Fletcher himself later spoke positively about his collaboration with Millikan, though historians still discuss how credit should be viewed in early 20th century laboratory science.
Did Millikan Select Data?
This became one of the most discussed controversies surrounding the experiment.
Millikan’s notebooks showed that some measurements were excluded from the final published results.
Critics later argued this looked like selective reporting.
Modern historians generally think the situation was more nuanced than outright fraud.
Many rejected data points came from droplets that behaved erratically because of evaporation, instability, contamination, or observational problems.

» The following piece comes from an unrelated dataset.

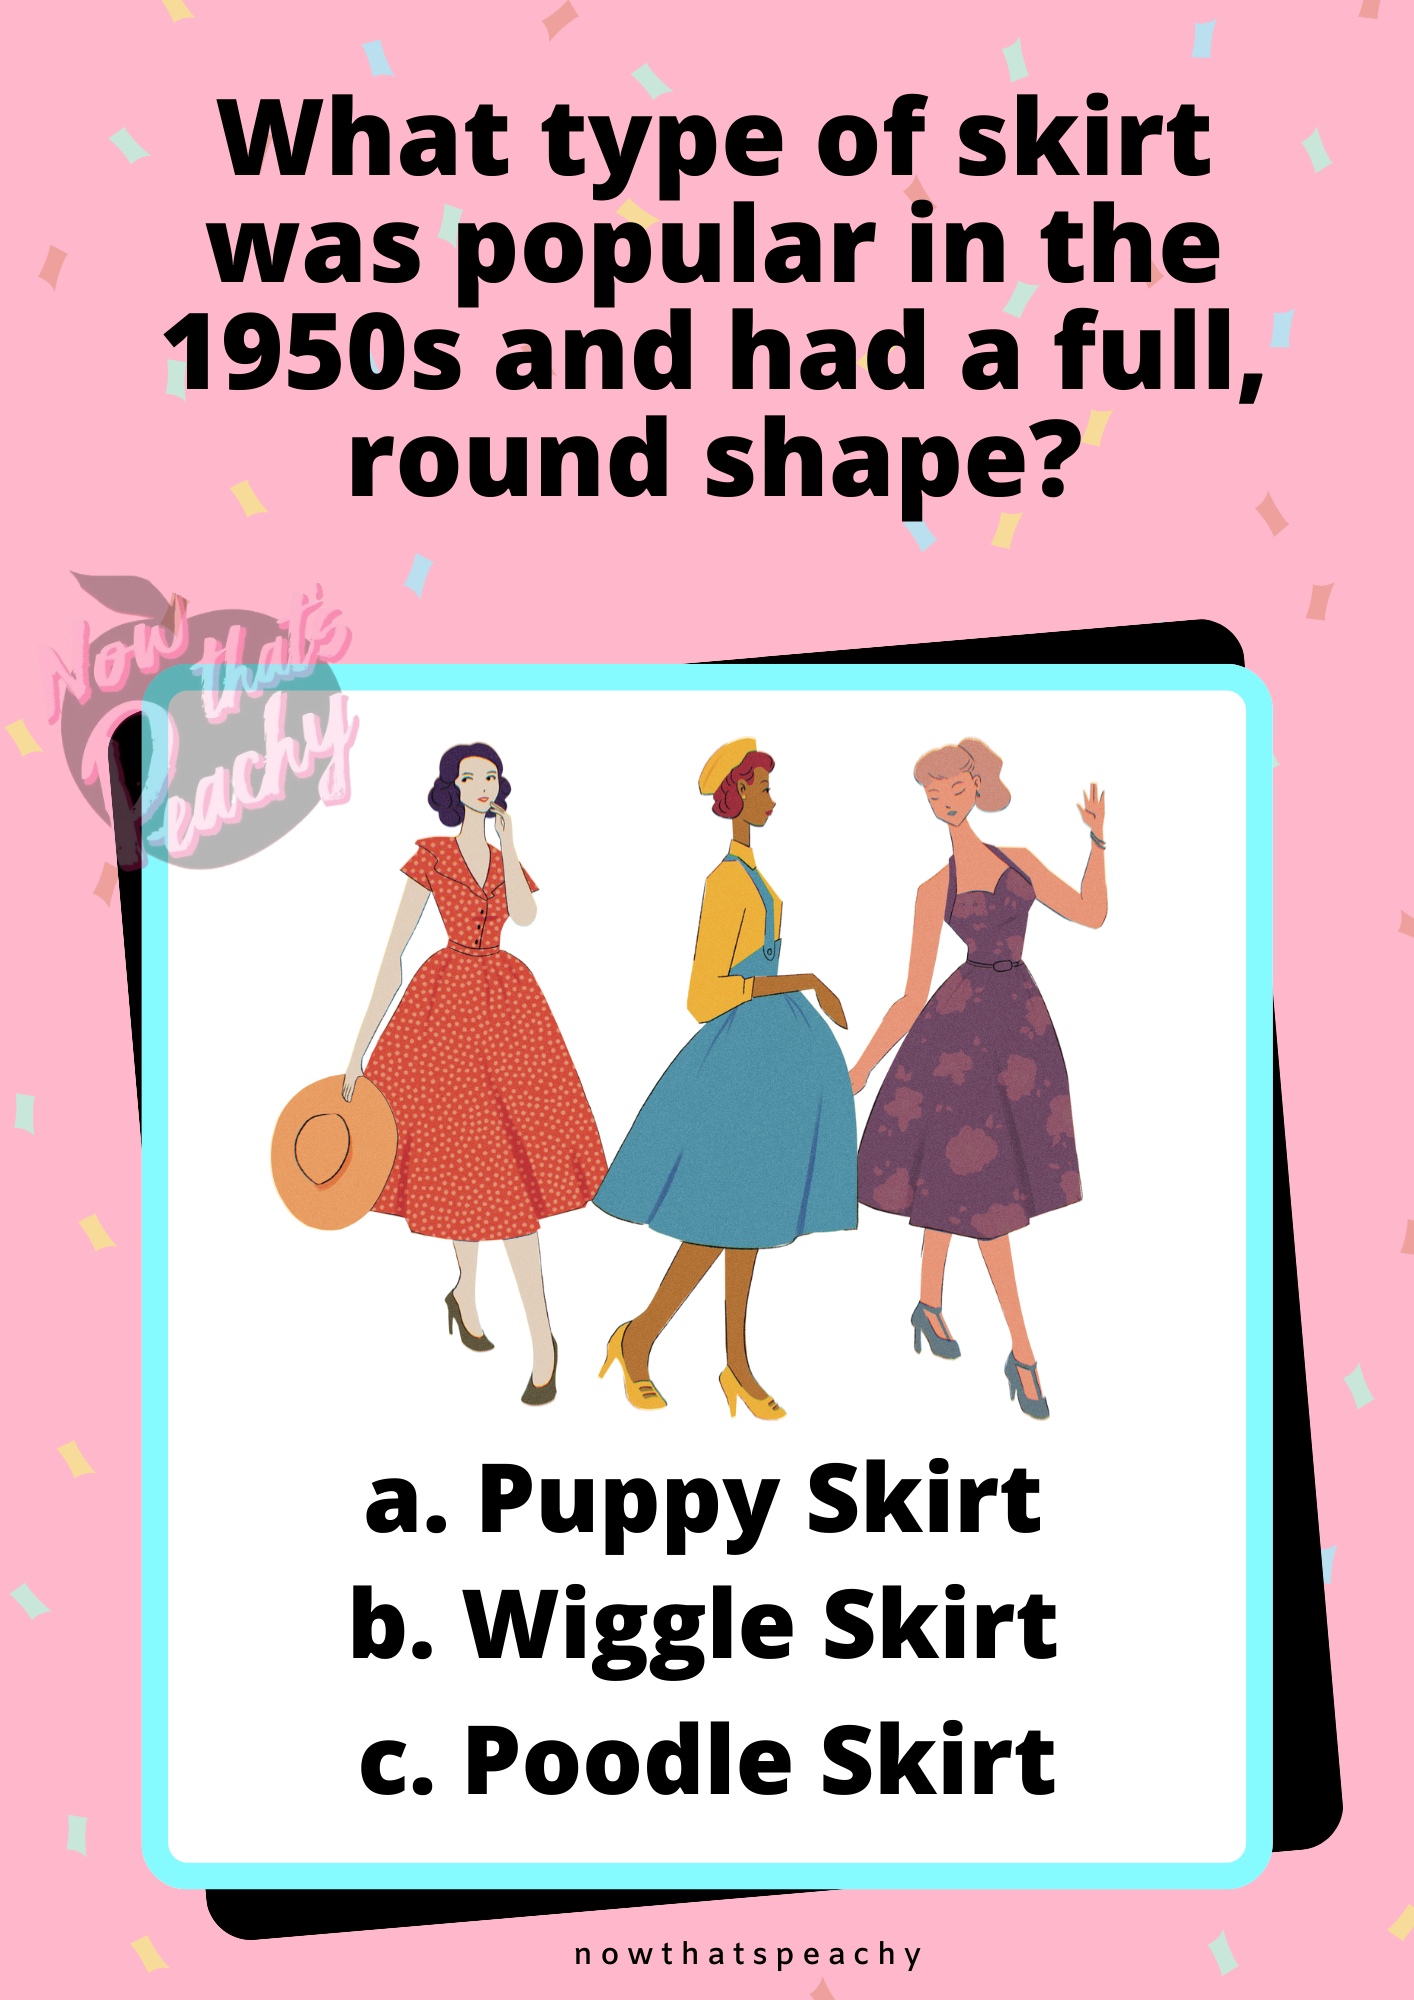 1950s fashion quiz trivia question game printable fifties diner sock hop rocknroll grease themed birthday party instant digital download print off diy fun easy nowthatspeachy

Experimental physicists routinely discard flawed data if there are defensible technical reasons.
Still, the controversy became historically important because it raised questions about experimental judgment, statistical reporting, and scientific transparency.
Interestingly, even with modern reanalysis, Millikan’s final value for electron charge was remarkably close to the accepted value, especially considering the technology available in 1909.
Why This Experiment Changed Physics
The oil drop experiment did far more than measure one number.
It connected several major areas of physics together.
It Confirmed Charge Quantization
Electric charge was shown to exist in discrete units rather than continuous amounts.
That became a foundational idea in atomic physics and quantum theory.
It Helped Determine Avogadro’s Number
By combining the elementary charge with other measurements from electrochemistry, physicists could estimate Avogadro’s number more accurately.
That strengthened the connection between atoms, chemistry, and electricity.
It Improved Atomic Models
Once electron charge became known, scientists could better estimate:
- electron mass
- atomic structure
- electron behavior in matter
It Laid Foundations For Electronics
Every modern electronic system depends on controlled electron flow.
Understanding electron charge was essential for:
- vacuum tubes
- semiconductors
- transistors
- integrated circuits
- digital electronics
Without precise electrical constants, modern electrical engineering would have developed far more slowly.
How Scientists Measure Electron Charge Today
Modern measurements are dramatically more precise than Millikan’s original experiment.
Today, the elementary charge is defined exactly in the International System of Units (SI):
e =1.60217663 × 10-19 coulombs
Since the 2019 SI redefinition, the elementary charge is no longer experimentally measured for defining units. Instead, it is fixed exactly by definition.
Modern experiments involving electron charge use techniques such as:
- single-electron tunneling
- Josephson junctions
- quantum Hall effect measurements
- cryogenic quantum electrical standards
These methods operate at precision levels unimaginable in Millikan’s time.
Still, the oil drop experiment remains one of the clearest demonstrations of quantized charge ever devised.
It is simple enough to explain visually, yet deep enough to connect classical mechanics, electromagnetism, thermodynamics, and quantum physics.
That combination is probably why the experiment still appears in physics classrooms more than a century later.
A Tiny Number That Changed Science
The electron’s charge is one of the smallest measurable quantities in nature, yet it shapes almost every electrical process around us.
Every phone screen, computer chip, battery, radio antenna, and electric motor depends on the movement of electrons carrying this exact amount of charge.
Millikan’s experiment turned something invisible into something measurable.
And that changed physics from a mostly descriptive science into a far more quantitative one.
It gave scientists one of the fundamental constants needed to build modern atomic theory.
Not bad for a few floating drops of oil in a small chamber.